Ripinsky weather station provides data on mountain conditions

Snow caps Mount Ripinsky in Haines in November.
Snow caps Mount Ripinsky in Haines in November. (Photo by John S. Hagen)

If you’re heading into the mountains around Haines this winter, you’ll now have a better idea of what the conditions are like before going out. A weather station installed on Mt. Ripinsky last month is now transmitting data back to the web for anyone to use.

A volunteer crew helped carry around 200 pounds of equipment up Mt. Ripinsky on a sunny September day.

“We’ve been planning this project for about a year and the idea has been in the works for several years,” says Erik Stevens, director of the Haines Avalanche Information Center, which is affiliated with the Alaska Avalanche Information Center. With help from volunteers, he assembled the equipment into a weather station just below tree line at 2,600 ft.

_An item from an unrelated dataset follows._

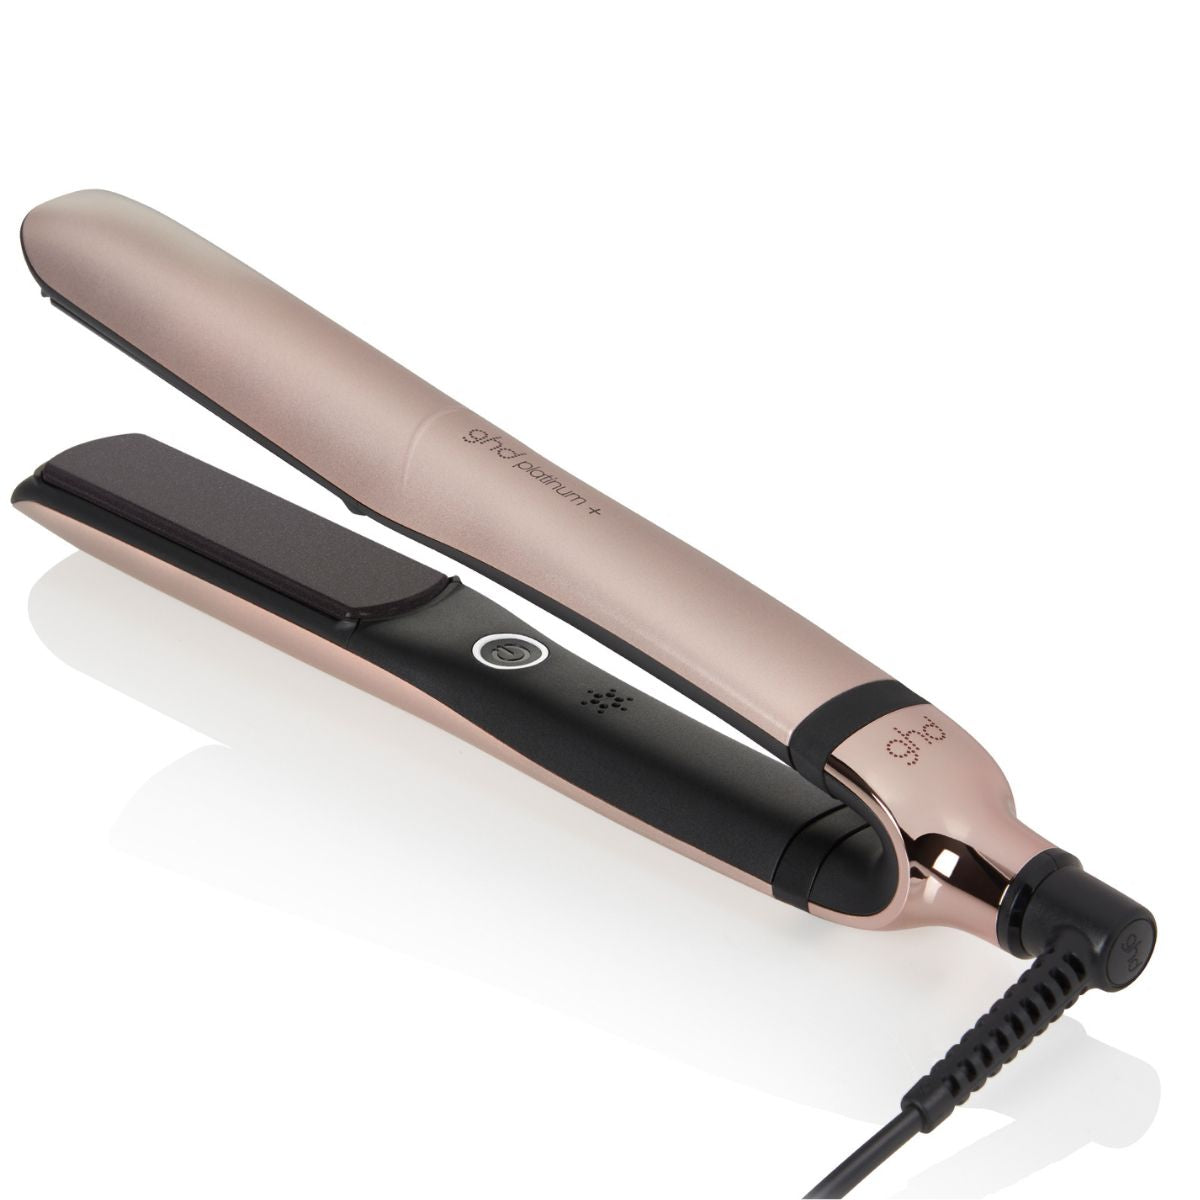 Ghd Platinum+ Styler Limited Edition Hair Straightener in Sun-kissed Taupe

“It’s an alpine weather station,” says Stevens. “It has temperature, wind speed and direction, rainfall and snow depth is what it measures.”

Then, that data is transmitted to the center’s website.

Stevens says the new weather station is useful for a few different reasons.

“One is just safety and preparedness,” says Stevens. “When you’re going out hiking or climbing or skiing on the mountain it’s really good to know what the conditions are like up there before you go out.”

It’s also important for avalanche forecasting.

“So it helps us kind of calibrate our forecast of what we expect to happen for the day and what we think happened overnight,” says Stevens.

There are three areas that the Haines Avalanche Information Center keeps an eye on.

“We call them forecast zones,” says Stevens. “They’re different because the climate is distinctly different in each of these areas. There’s still micro-climates within these areas but in general, the weather is pretty similar within each zone.”

The area closest to town is the Lutak Zone.

“And that’s basically a maritime area right above Haines,” says Stevens. “Mt. Ripinsky, Seven Mile Saddle, 3920, Tukgahgo, around Chilkoot Lake, that’s the Lutak Zone.”

That’s where the new weather station is. As you go further north there’s the Transitional Zone and the Chilkat Pass Zone.

“If you go a little more interior up the highway you get to the Transitional Zone,” says Stevens. “That includes Takhin Ridge, Old Faithful, Flour Mountain, Four Winds, that kind of interior area. Then if you keep going up into the pass, up into BC, that’s the Chilkat Pass Zone. And that’s a much more continental climate, a lot colder and windier, and often a lot more dangerous.”

Stevens says he hopes to eventually have weather stations covering all three forecasting areas. Avalanche information is important for safety. In this region, there have been five avalanche-related deaths in as many years.

“Ideally yeah, we would have a weather station in each zone,” says Stevens. “The more data the better. There’s also some data from the Palmer project. Constantine Mineral Resources has some data up the highway that we have access to. We’re definitely getting there. We’re much more data-rich then we were when we started out six years ago.”

This project was funded with grants from the Chilkat Valley Community Foundation and the Rasmuson Foundation, in addition to private donations of money and used equipment.

“We’ll be looking to upgrade that equipment and replace it as time goes on,” says Stevens. “But for now we’ve got something up and running and we’re really excited about that.”

Stevens says there could be some interruptions in the data going up on the website as they work out some technical issues. Otherwise, it’s all live on Alaskasnow.org.